Your instructions -
Please set down only the lines below starting with the line with "Tower Bridge in London UK Stock Photo" and going on through the line with "Amigurumi Crochet Garfield", verbatim and without pictures.

Record set -

↓↓↓

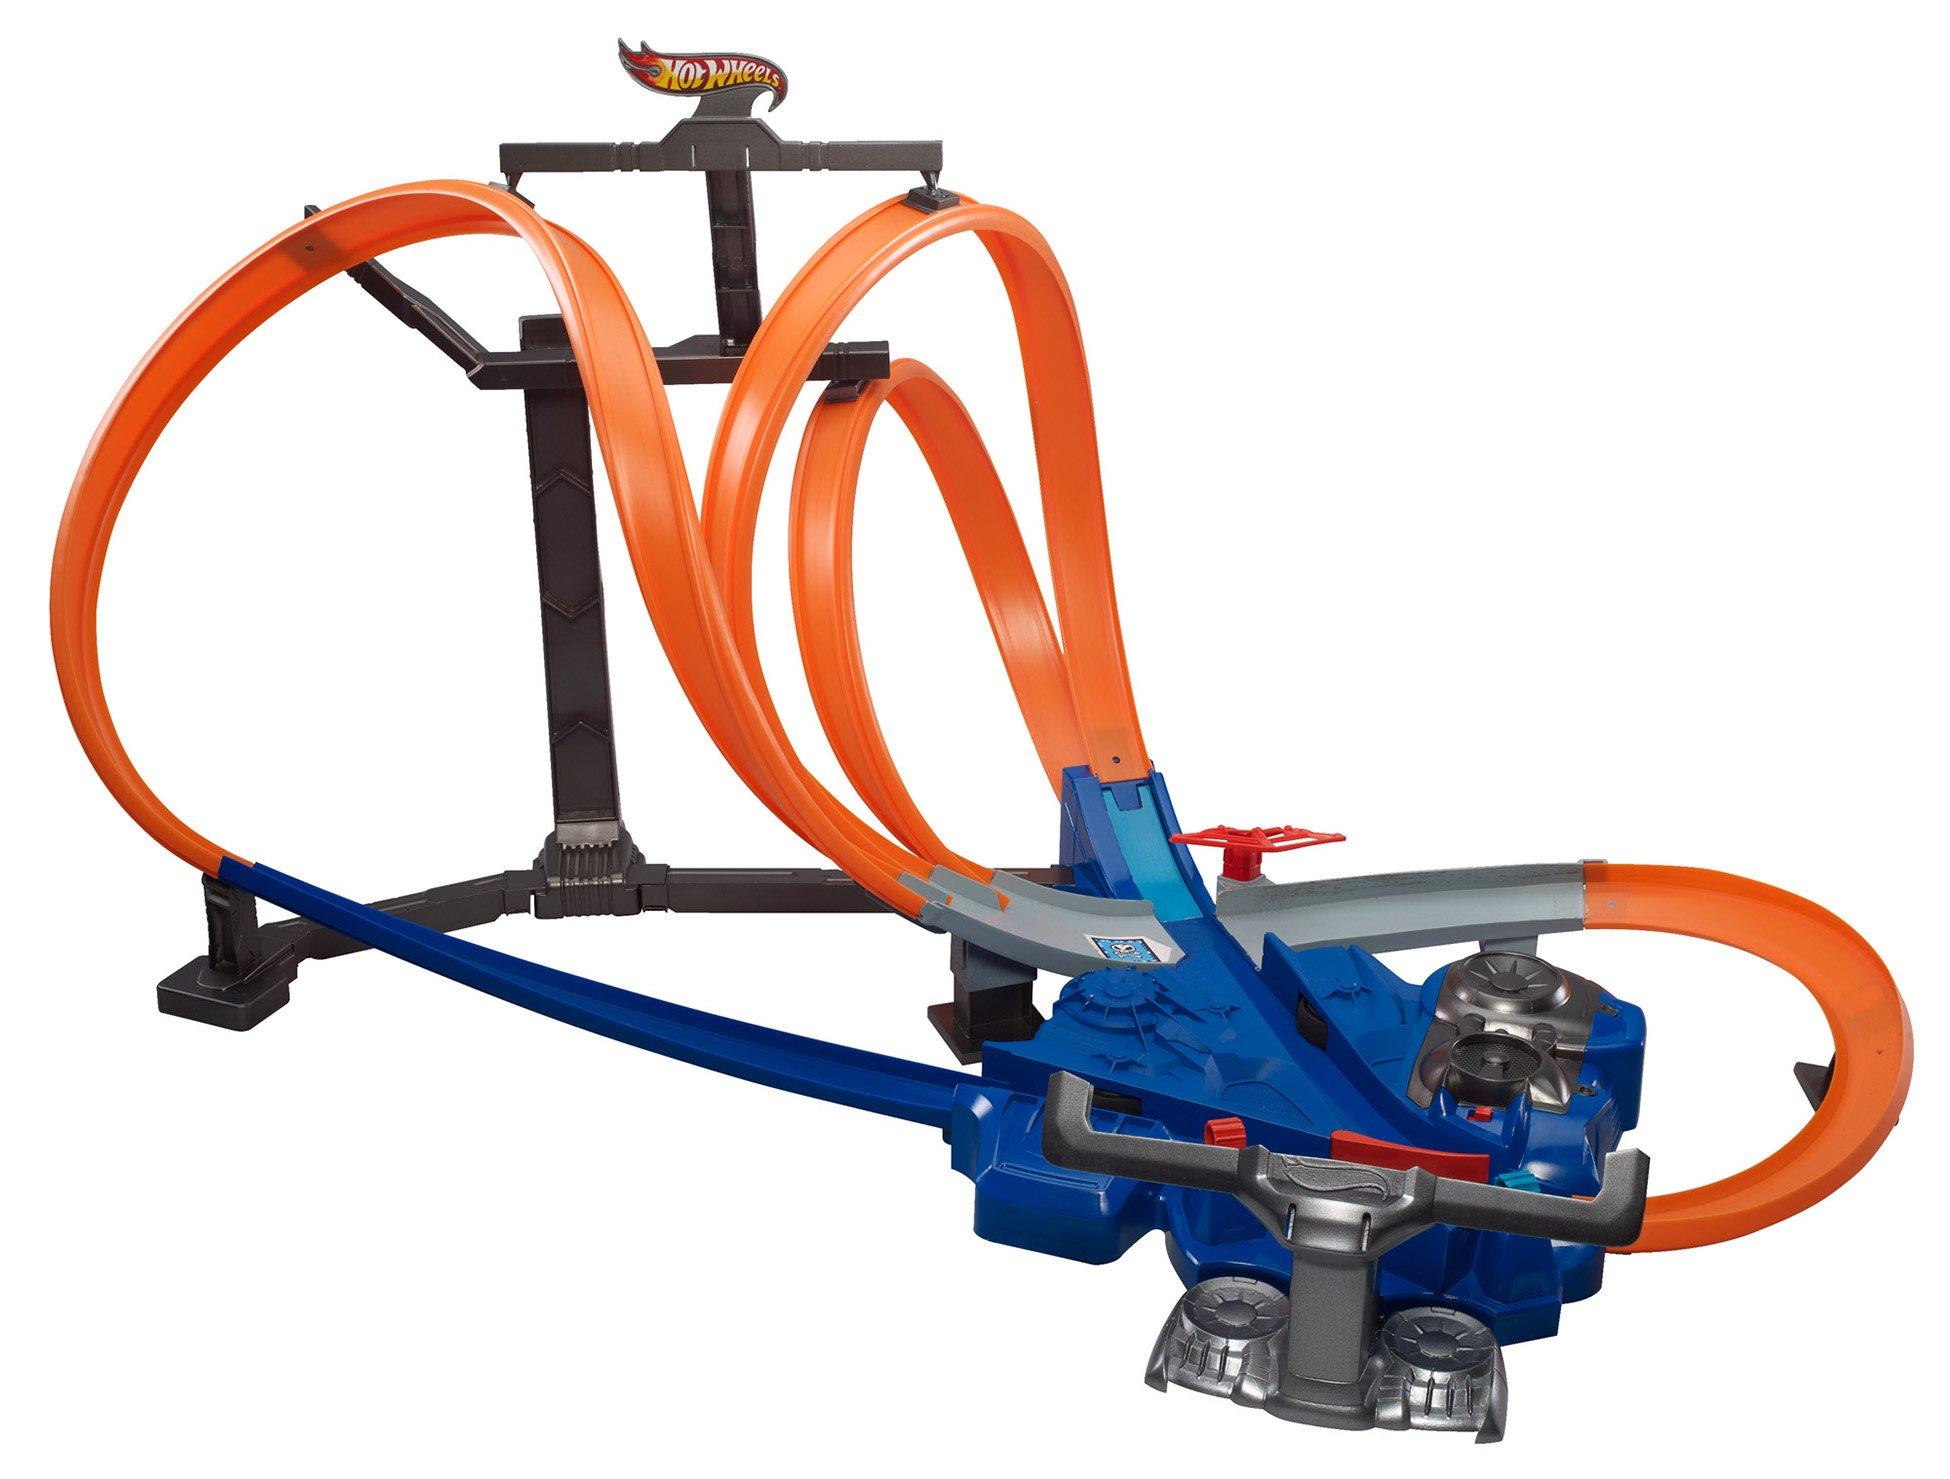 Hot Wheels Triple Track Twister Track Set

↑↑↑
↓↓↓

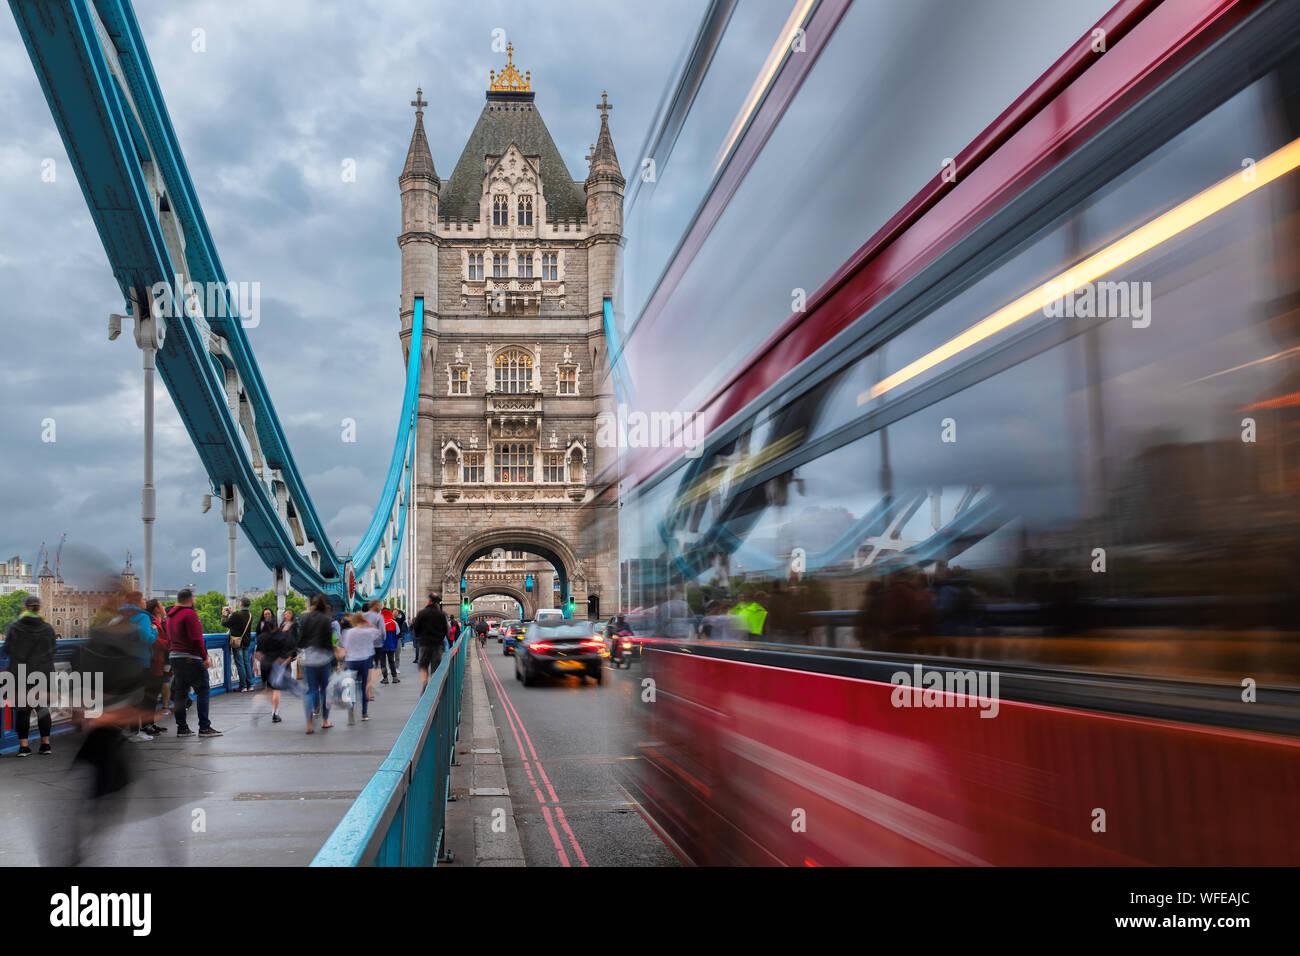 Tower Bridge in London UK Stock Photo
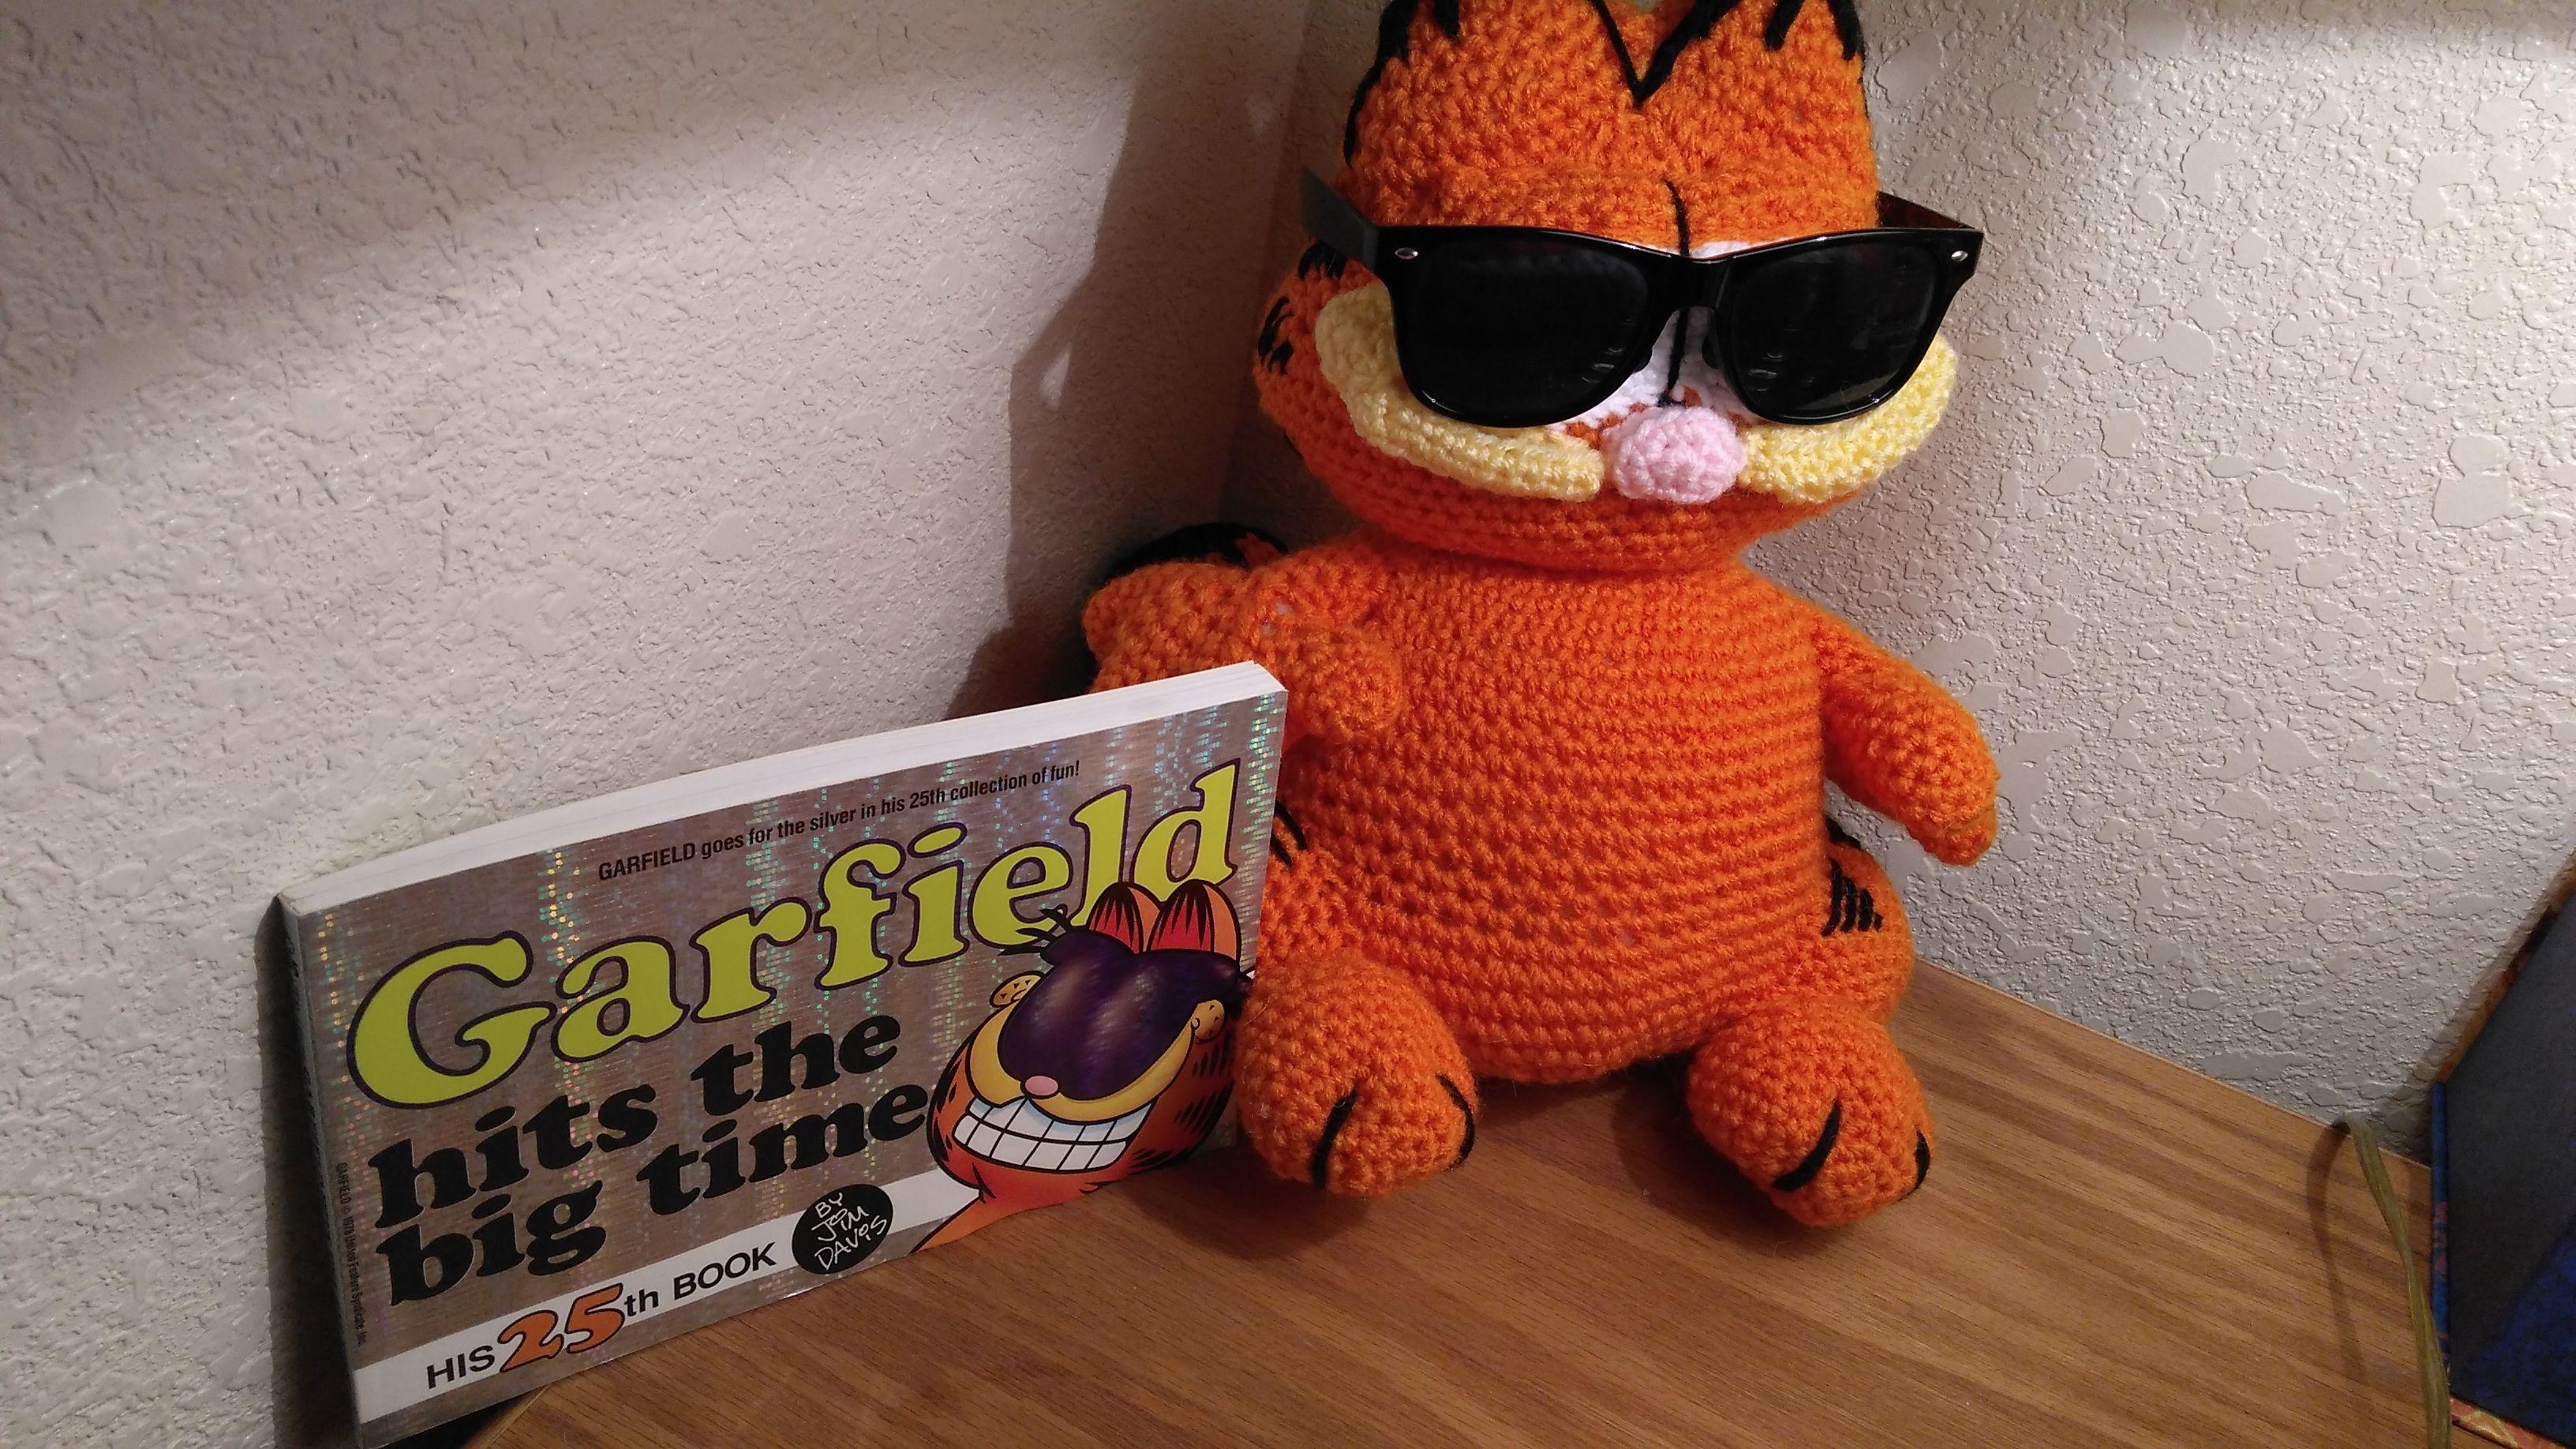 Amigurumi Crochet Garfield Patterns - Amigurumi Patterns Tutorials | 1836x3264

↑↑↑

Your response -
 Tower Bridge in London UK Stock Photo
 Amigurumi Crochet Garfield Patterns - Amigurumi Patterns Tutorials | 1836x3264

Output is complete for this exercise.